(Data records begins)
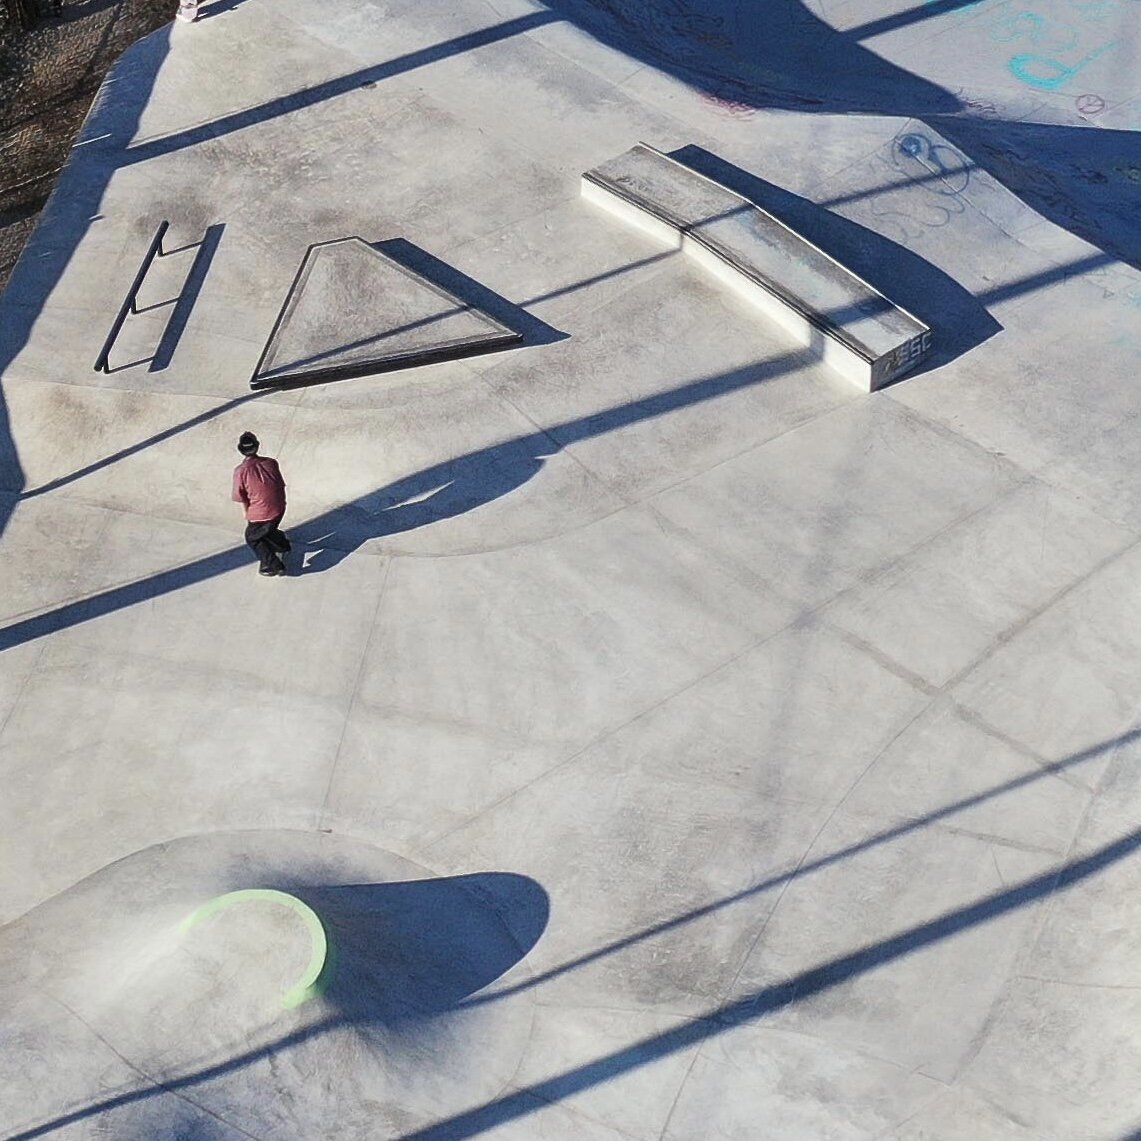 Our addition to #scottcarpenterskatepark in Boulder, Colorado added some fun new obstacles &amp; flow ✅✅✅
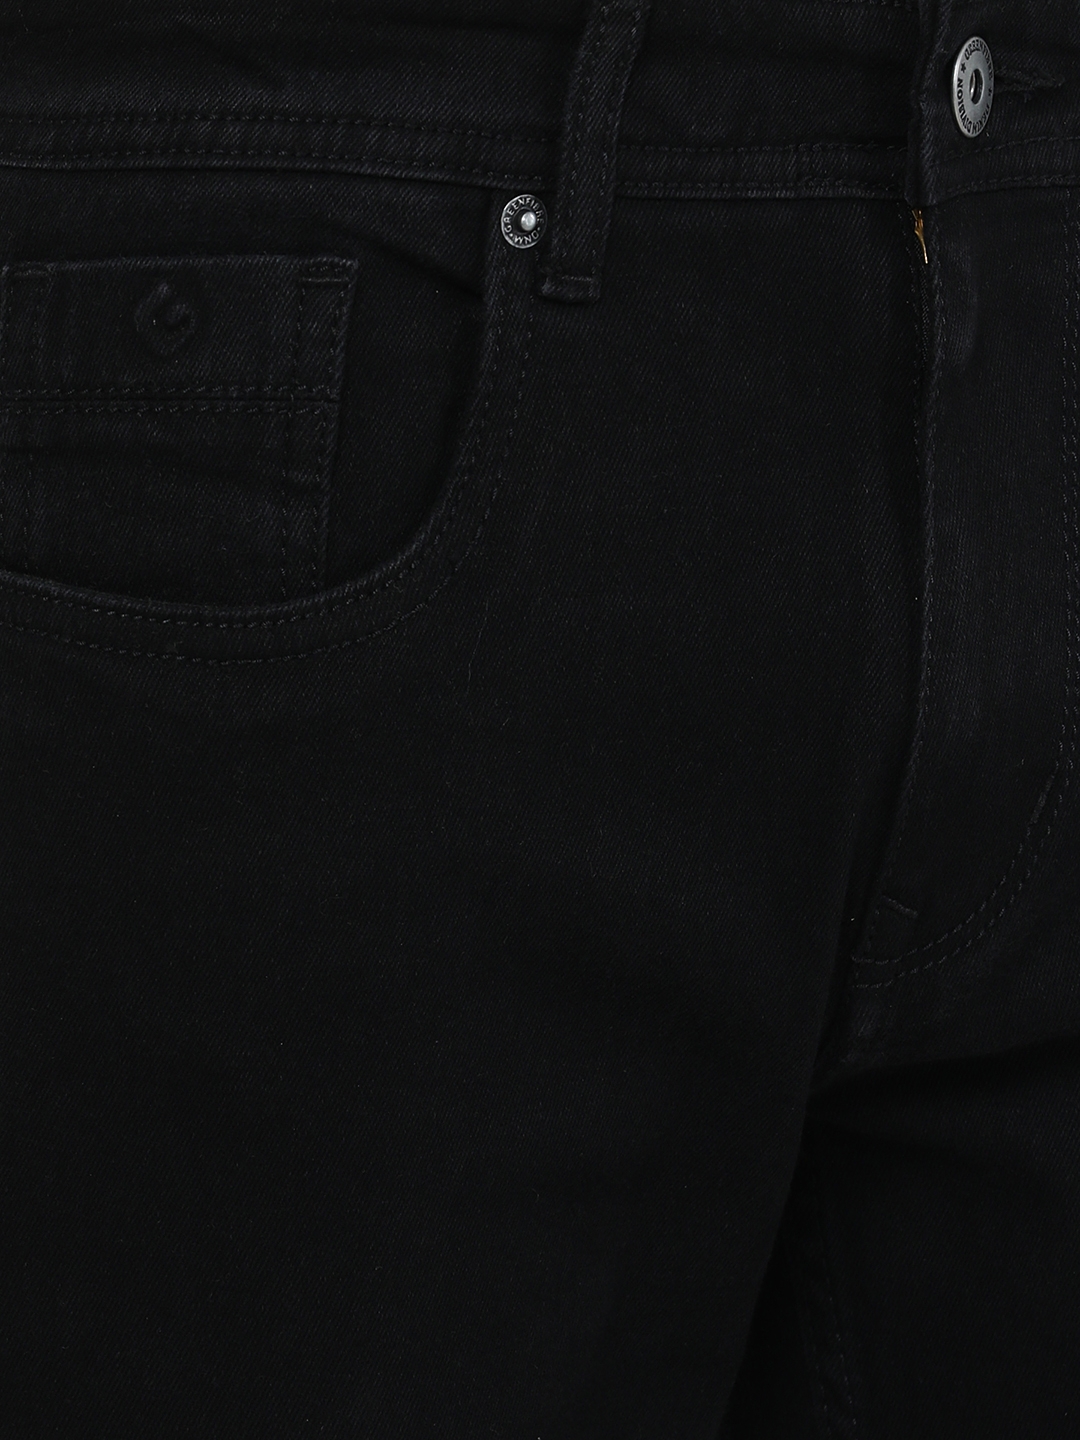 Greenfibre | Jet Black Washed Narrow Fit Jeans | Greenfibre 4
(Data records ends)
(Data records begins)
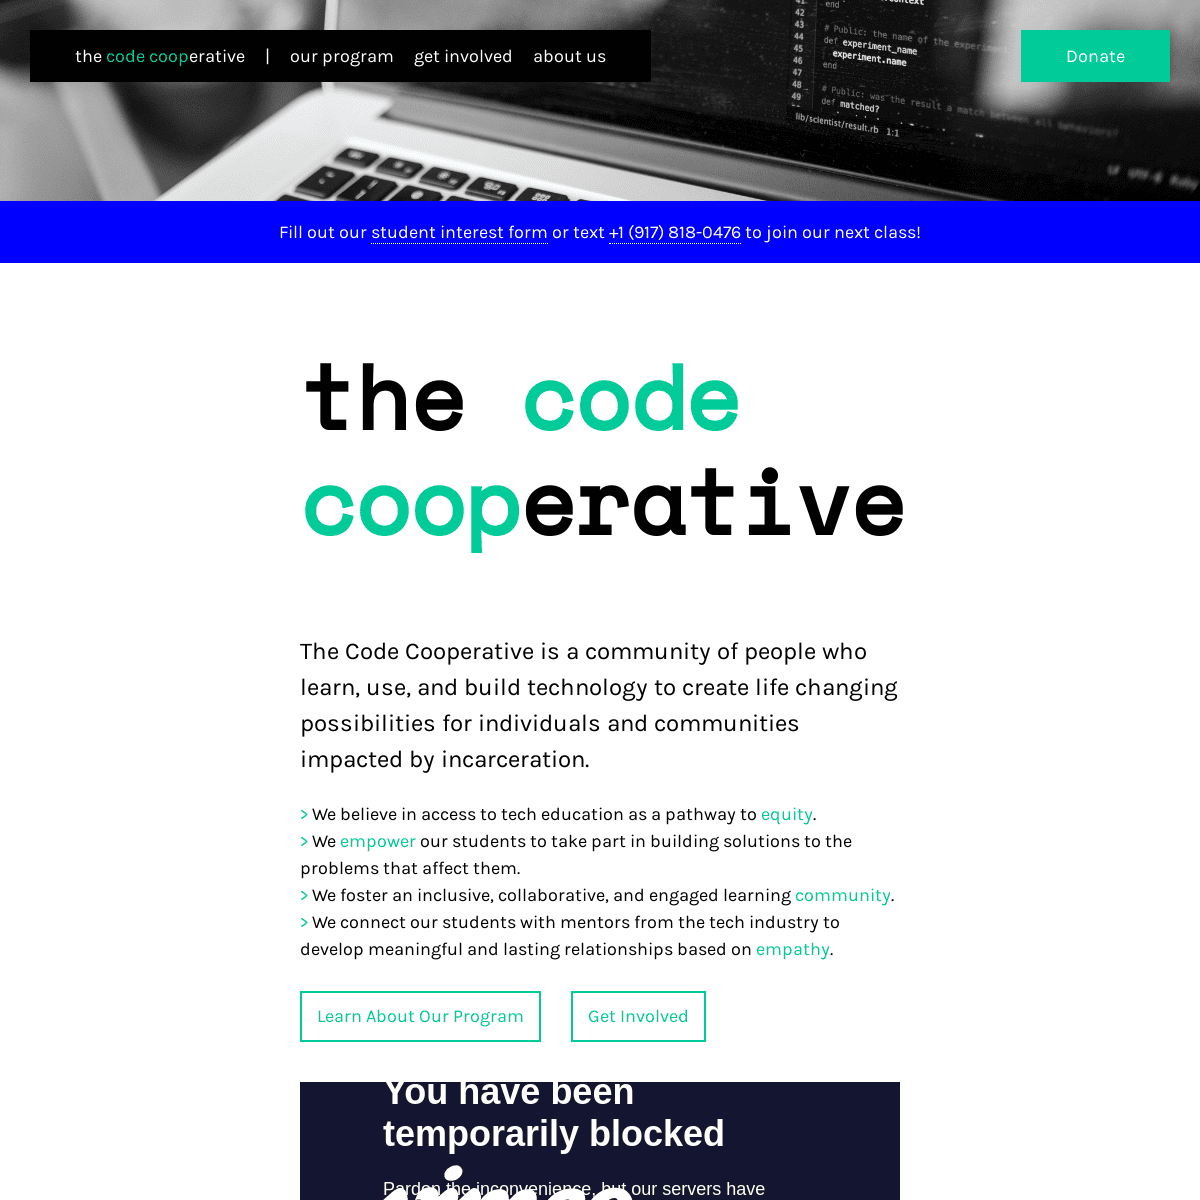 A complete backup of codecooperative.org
(Data records ends)
(Data records begins)
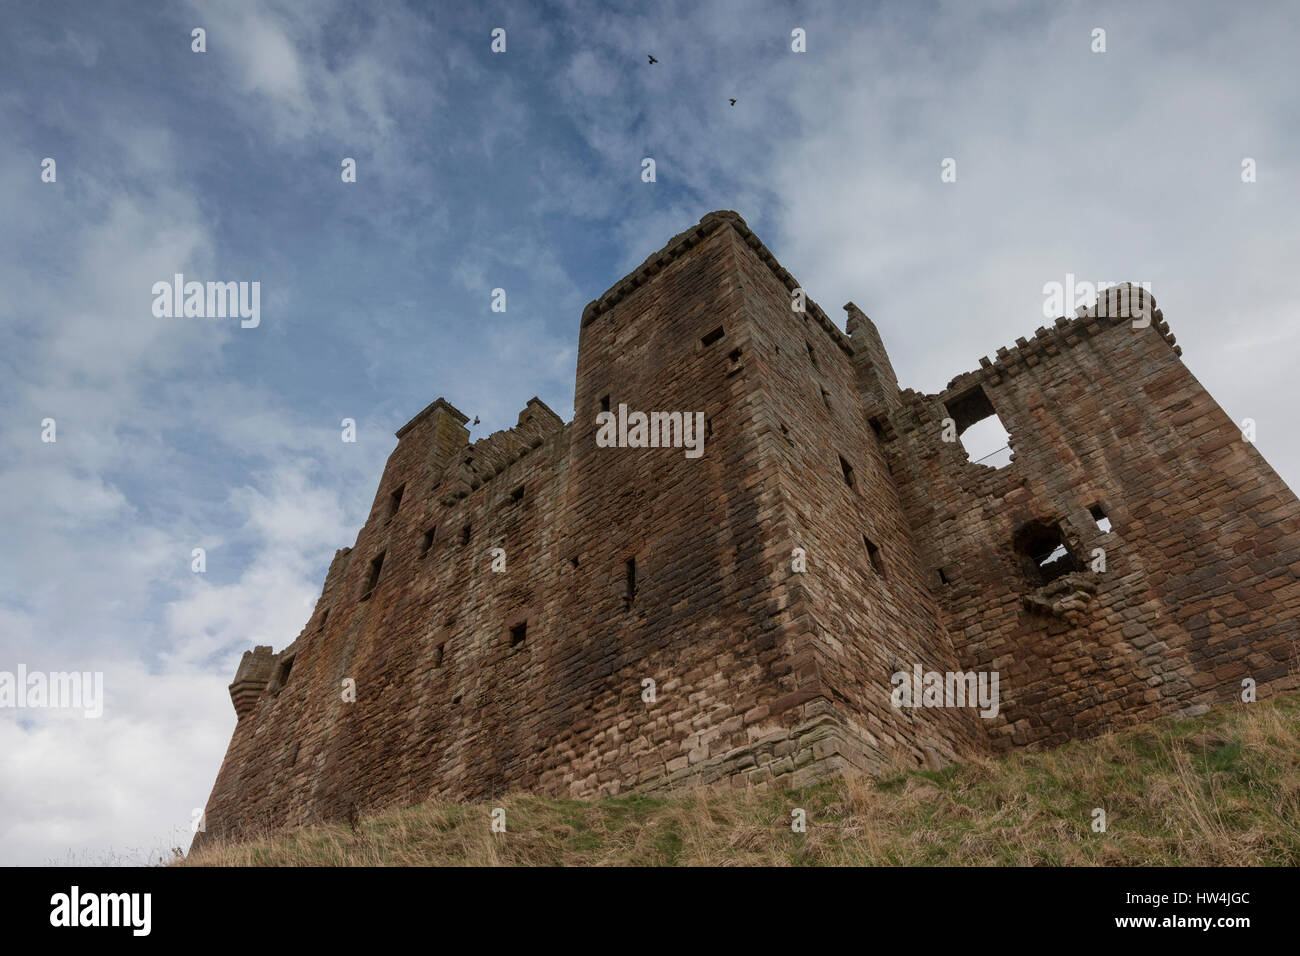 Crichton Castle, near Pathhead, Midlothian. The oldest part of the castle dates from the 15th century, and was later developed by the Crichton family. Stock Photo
(Data records ends)
Of the records above, print only the lines from the one containing "Our addition to" through the one containing "Greenfibre | Jet", inclusive and unaltered, leaving out pictures.

 Our addition to #scottcarpenterskatepark in Boulder, Colorado added some fun new obstacles &amp; flow ✅✅✅
 Greenfibre | Jet Black Washed Narrow Fit Jeans | Greenfibre 4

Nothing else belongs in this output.